Things I wish I learned about databases

I loved Database Design. It’s an elective class in a lot of CS curriculums, but I think it should absolutely be required in today’s data-driven ecosystem. Understanding how to structure data goes way beyond SQL, goes way beyond relational algebra. It’s a skill that falls more under liberal arts and general knowledge than ‘strict engineering’.

I’m not saying that American Studies majors should learn about Boyce-Codd Normal Form, but tools like Django and Rails are putting journalists, designers, and mathematicians in a position to create data structures, who (bless them) often don’t know what they’re doing.

I wish we covered legacy databases

I’m working at a small branch of a national foreign aid tracker. As a dozen person dev team, we’re in charge of a database that’s comfortably non-trivial; millions of rows, hundreds of tables. It’s outside the scope of one person’s ability to wrangle it or even parse it; the spawn of multiple dev teams, multiple ORMs (Django’s insistence on prefacing tables with an app name has led to, amongst other travesties, survey_trip_survey_response_option_related_response_option), coders and non-coders, people hungry for information.

This thing is the Whomping Willow of databases, and I don’t know the secret switch to calm it down long enough to normalize it. In class, we barely covered the ‘formal process of normalization’, but that was either with dummy databases or a zero-stake scenario: there’s no chance I can spend a week sifting through each entity and create an entirely new database. My work is triage, and I’ve learned to piecemeal my progress by supplementing my short-term progress with long-term efforts to work on the underlying schemas.

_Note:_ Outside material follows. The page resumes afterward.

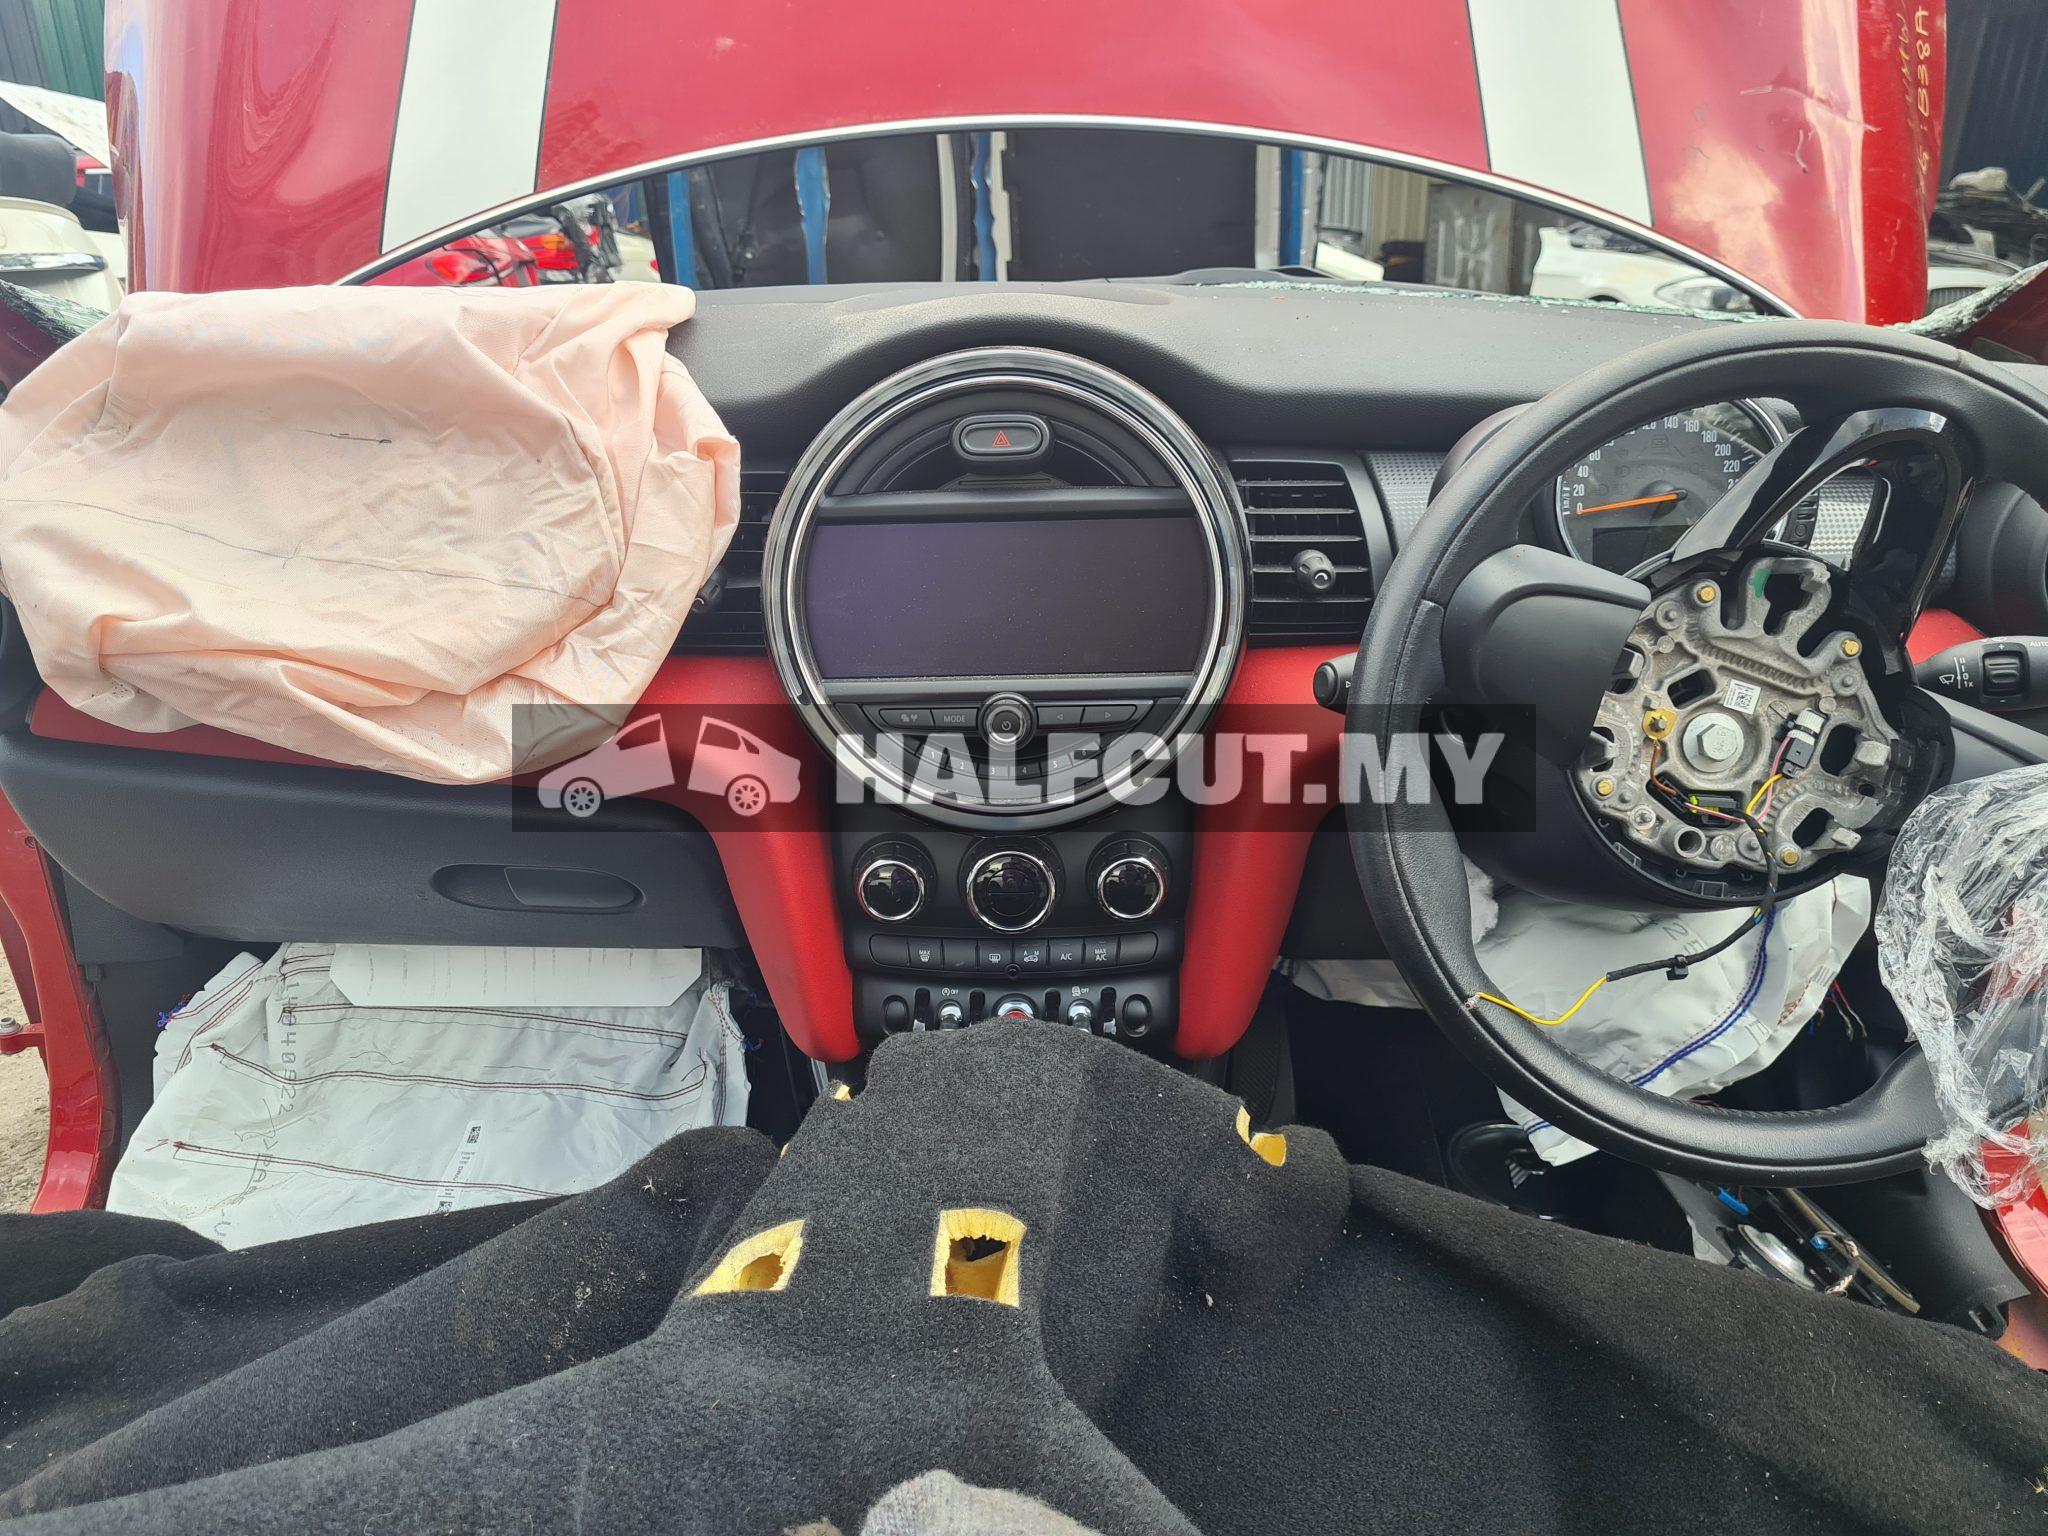 Mini F55 halfcut & rear cut complete

I wish we covered how to communicate good practices

I wrote a one-page memo to everyone on our team who had administrative access on the database, outlining some basic steps to manage the growing maelstrom of information. In short, they were:

  • Data shouldn’t be redundant. If you’ve got a list of publications that you need to use somewhere else, it’s better to reference that list than recreate it.
  • Looking through a million rows takes time, but it might be quicker — and easier to read — than joining four tables that are each ten thousand rows and then reading through those.
  • The data you’re looking at is the same as the data everybody else is looking at. The data you modify is the same, too.
  • Django doesn’t know everything, and neither does anyone else. Before creating or deleting anything, ask someone else.

I’ve been able to find metaphors for foreign keys and primary keys, but we spent so much time jumping straight to the code aspect of things that learning database design outside of an engineering context fell by the wayside.

I wish we covered ORMs

By the time someone takes a database design course, they’ve taken at minimum software development, data structures, and probably algorithms. They’re well versed in class syntax, in storage and inheritence.

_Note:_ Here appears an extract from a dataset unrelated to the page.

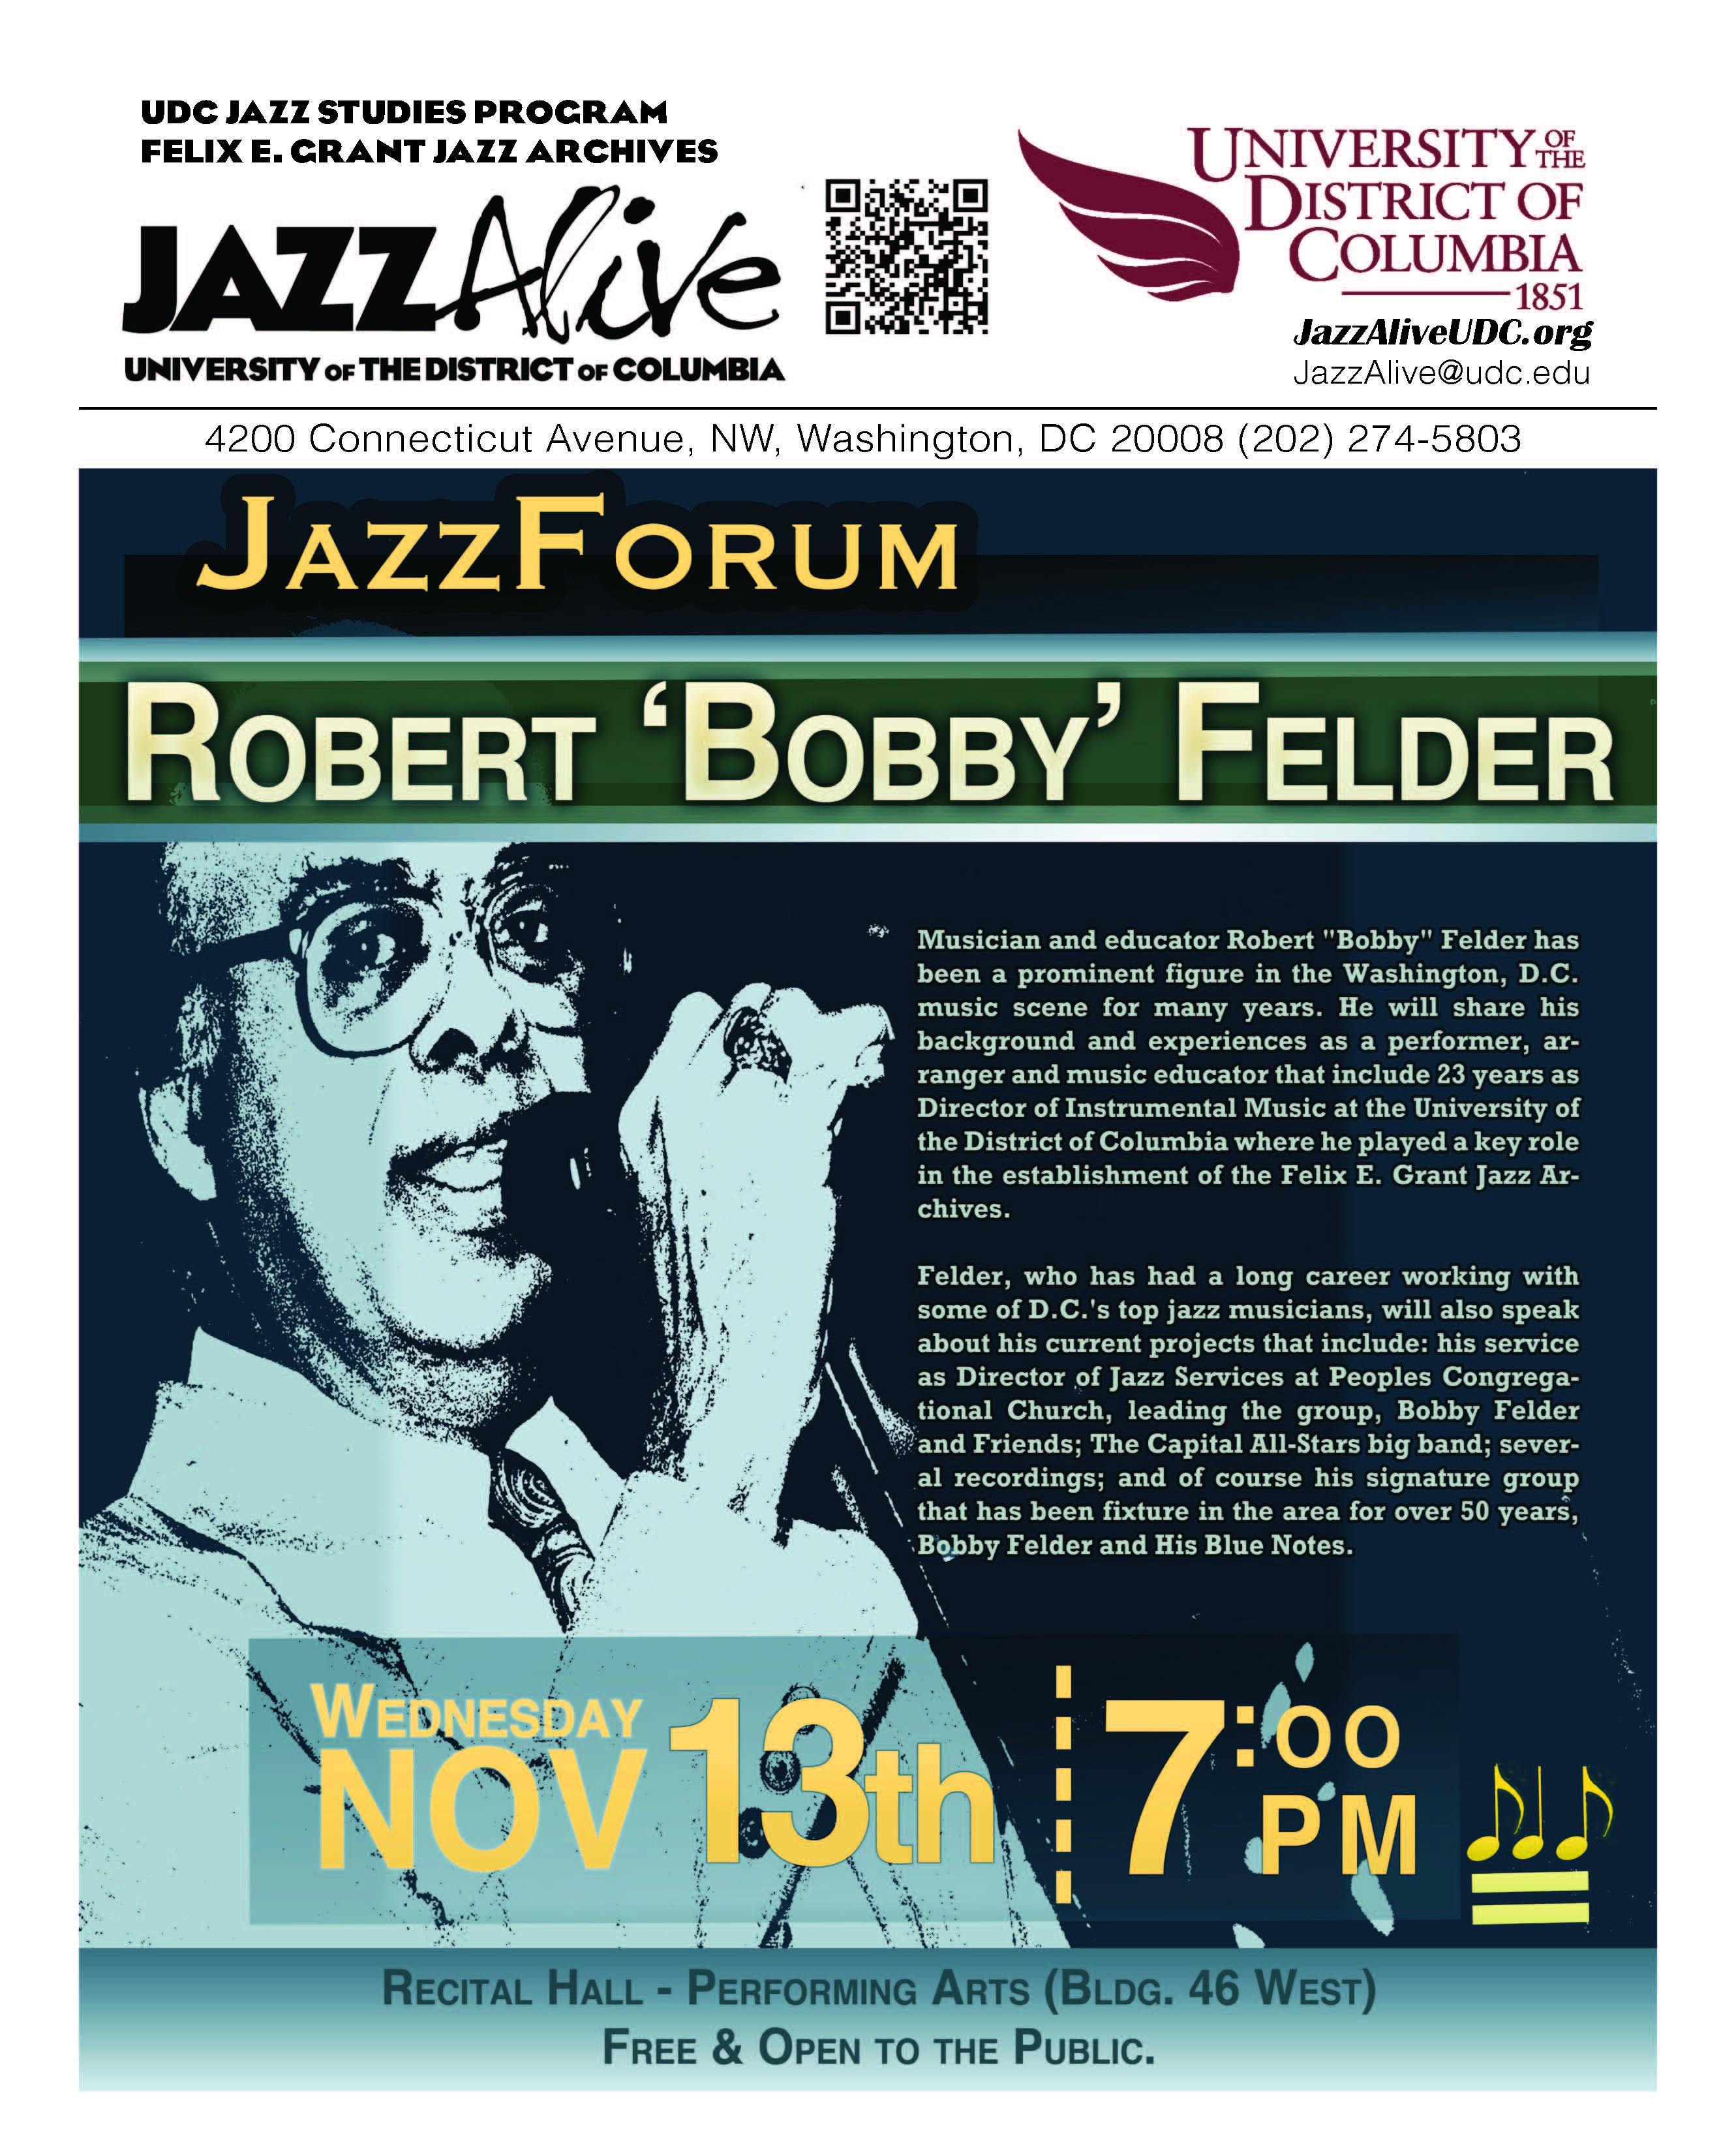 Jazzforum: robert

ORMs are really easy. They distill SQL to the important parts and allow for practical understanding of the fundamentals needed to write great SQL and craft great schemas — unlike relational algebra. Pretend you know nothing in the world except Python. Which is nicer?:

Respondents.objects.filter(title_contains=‘Professor’)

or

SELECT * FROM ARCANE_TABLE_NAME_RESPONDENTS
WHERE ARCANE_TABLE_NAME.ANTIQUATED_TITLE_ATTRIBUTE LIKE ‘%Professor%’

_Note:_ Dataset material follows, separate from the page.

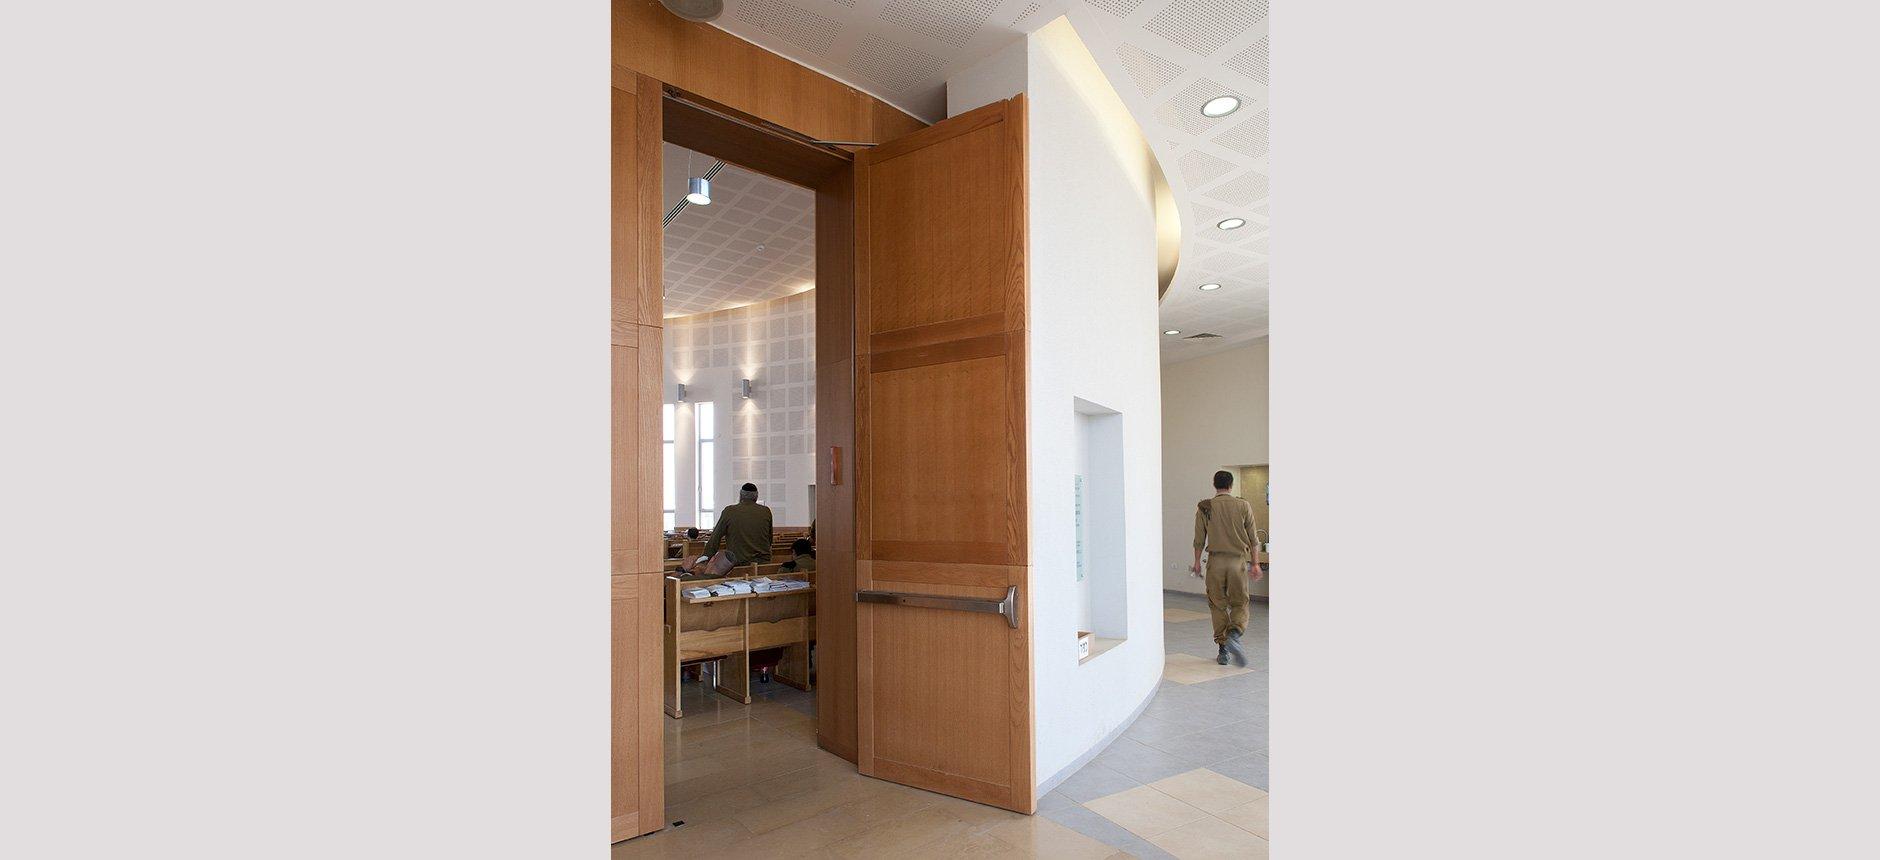 משרד אדריכולת לתכנון בית כנסת

I’m not saying SQL isn’t important — a Databases class without SQL is a Algorithms class without sorting, but in my mind there’s a progression of steps in an ideal Databases syllabus:

  1. What a database looks like
  2. How to interact (create, remove, update, delete) from a database
  3. Why you use databases
  4. How to create a database
  5. How best to interact with a database
  6. How best to create a database

You need SQL — and the attunement with a database it offers — for the last two. But by teaching SQL immediately alongside the fundamentals of database access, you take the spotlight off of the latter. I graduated the class knowing how to perfectly chain OUTER JOINs but unable to create extensible databases in the real world; and to be honest, it’s not that tough to Google SQL syntax.